A Fast Trip in a Slow Machine: 2009 Opel Vectra 2.2 Wagon
By Roger Boylan
I knew we were in trouble when, after flooring the accelerator to pass a lagging eighteen-wheeler on an uphill grade, I glanced into the rear-view mirror and saw a Toyota Yaris on my tail. After a micro-eternity I managed to pass the truck and pull into the slow lane. The impatient Yaris hurtled past, itself being bullied by a diminutive VW Polo. Both must have been making 80 m.p.h. easily, and either would have been an improvement over the automotive slug I was driving: an Opel Vectra wagon with all the get-up-and-go of a tractor mower.
I was driving it in the Swiss and French hinterland of Geneva. Having spent several years of my youth in that lovely city, I took my 16-year-old daughter there on a recon to meet old friends and lay the cultural and social groundwork for her, should she some day be interested in studying there, or working at the U.N., or both.
I’d requested a medium-sized car from Hertz at Geneva airport, and expected a Ford Mondeo. But there I was with a Vectra wagon. It was a handsome enough vehicle, silver and streamlined (closely related to its Saturn Aura/Astra cousins), with gobs of room inside and comfortable cloth-clad seats; but as soon as we drove off, we noticed (and this was through a haze of jet lag) that the car creaked and groaned like a clipper ship rounding Cape Horn. Creaks came from the seatbacks, from the seatbelt buckles, and from the dashboard; suspension groans accompanied us over every speed bump; mysterious cracking and snorting noises could be heard at times when we were sitting in traffic, or parked. Of course, it was a rental car, and it did have 10K kms. on the odometer, but I would have expected a German car to be better built.
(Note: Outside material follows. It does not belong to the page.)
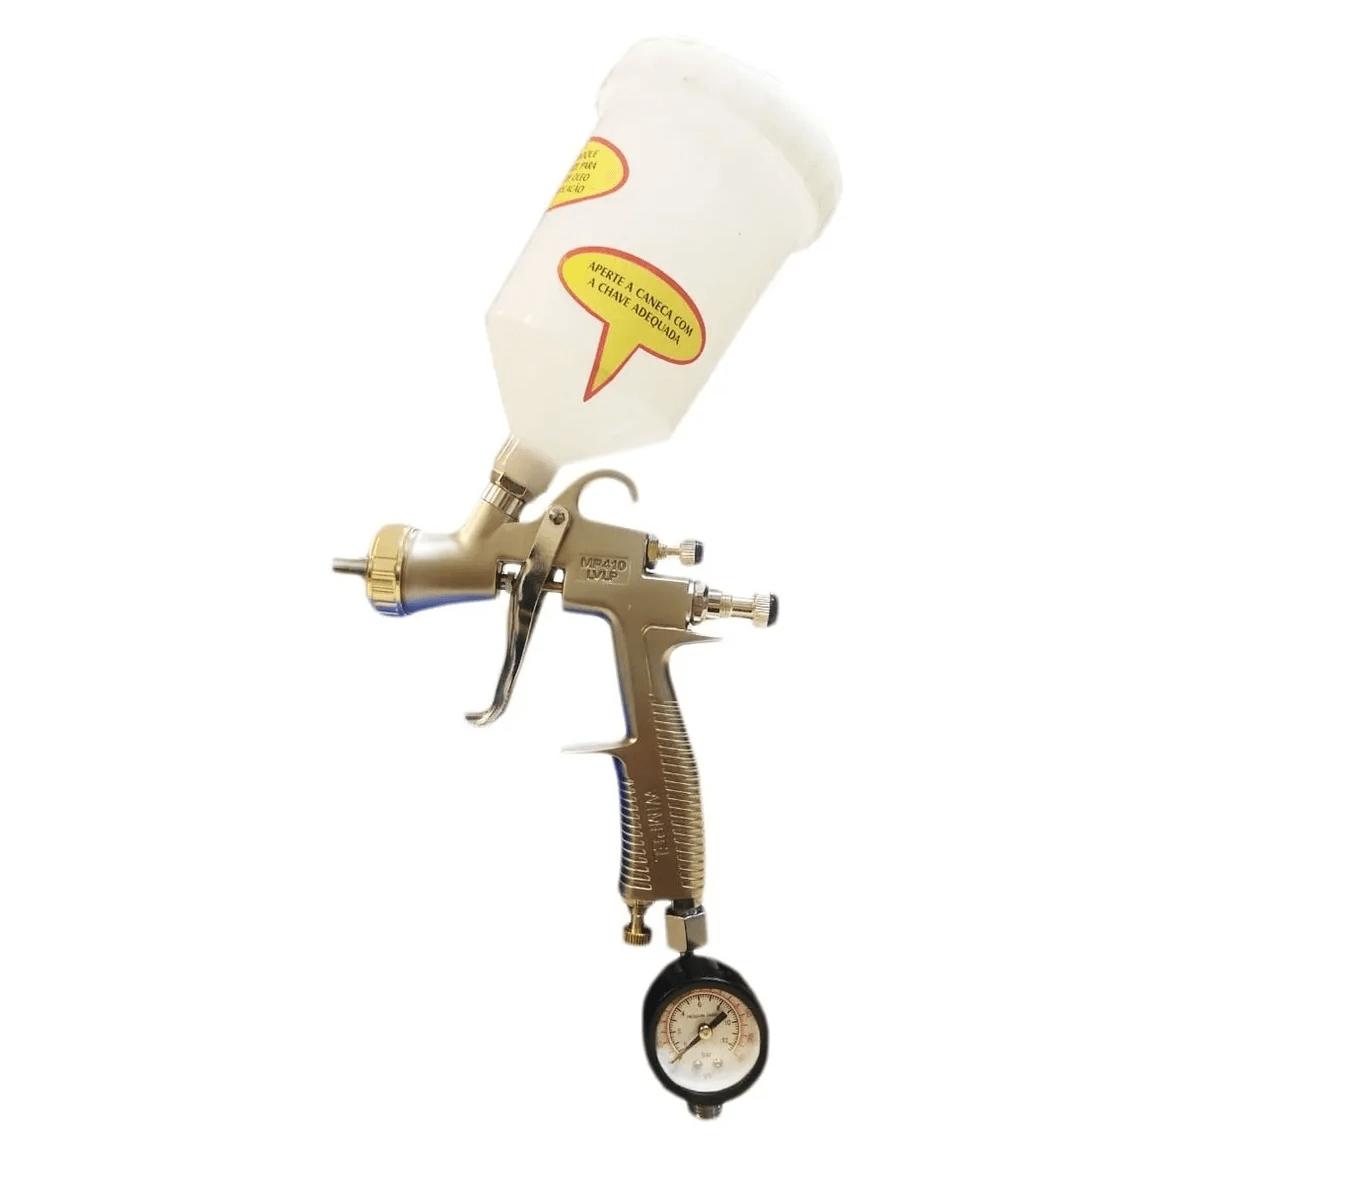 Pistola de Pintura Gravidade LVLP Bico 1.3 mm 600 ml com Maleta WIMPEL MP-410

But, not wanting the boring hassle of exchanging one mediocre car for another, we set off on road trips within Switzerland to Gruyeres, Lausanne, Montreux, and Begnins, and across the border in France to the high Jura, Annecy, and toward the Alps to Chamonix and nearly as far as the Italian border.
Only when it was cranked up on the autoroute did the Opel prove itself a true German car, running effortlessly and creak-free at speeds up to and, I’m afraid, over, the official limits of 120 k.p.h. (70 m.p.h.) in Switzerland and 130 (80) in France. (The manufacturer claims a top speed of 131 m.p.h.) But when we needed a touch more oomph for passing, as described above, we were suddenly back in an underpowered ’50s slowpoke, albeit with a smoother ride and more sophisticated gearbox: The Vectra had a fairly effortless six-speed tranny, but with its 2.2-liter, 154-h.p. engine lugging a full-size wagon’s curb weight, no amount of driver input could goose it into getting out of its own way if it didn’t want to. And it didn’t want to, except on downward grades.
Still, this gave us all the more opportunity to admire the spectacular Alpine scenery, and I had constantly to remind myself that we were in no hurry. At least the brakes worked well, and steering and cornering were excellent, as we discovered in the many switchbacks on our Jura climb; this bespoke a German heritage. The accessories, too, were good: satellite radio, GPS, CD player, and MP3 hookup were all present and accounted for, and easy enough to use after an intensive exploratory session, and the A/C blew cold when needed–which, fortunately, was only about half the time. On the other hand, I never could find a comfortable driving position, and the Vectra had a most annoying little rubbery turn-signal stalk that never seemed capable of holding the signal for more than three clicks either way. And whenever our speed dropped below about 40, there were those creaks and groans again. I swear my old ’82 Datsun B210 ran quieter.
All in all, driving in France and Switzerland is a pleasure that most drivers should experience (but preferably at the wheel of something other than an Opel Vectra). We were struck, for example, by the immaculate condition of the expressways on both sides of the border. In France most autoroutes are privately constructed toll roads, a boon for maintenance costs. In Switzerland, a hefty road tax, levied via an annual window sticker, or “vignette,” helps keep the thoroughfares well-paved and clear of debris. Getting lost on your way to major destinations is almost impossible, so clear and meticulous is the signposting. And there are plenty of laybys and roadside eateries to sustain the long-distance driver.
So don’t waste any more time: go, and happy driving. But make sure your car rental agency doesn’t slip you an Opel Vectra on the sly. Insist on something really sleek and powerful, like a Toyota Yaris.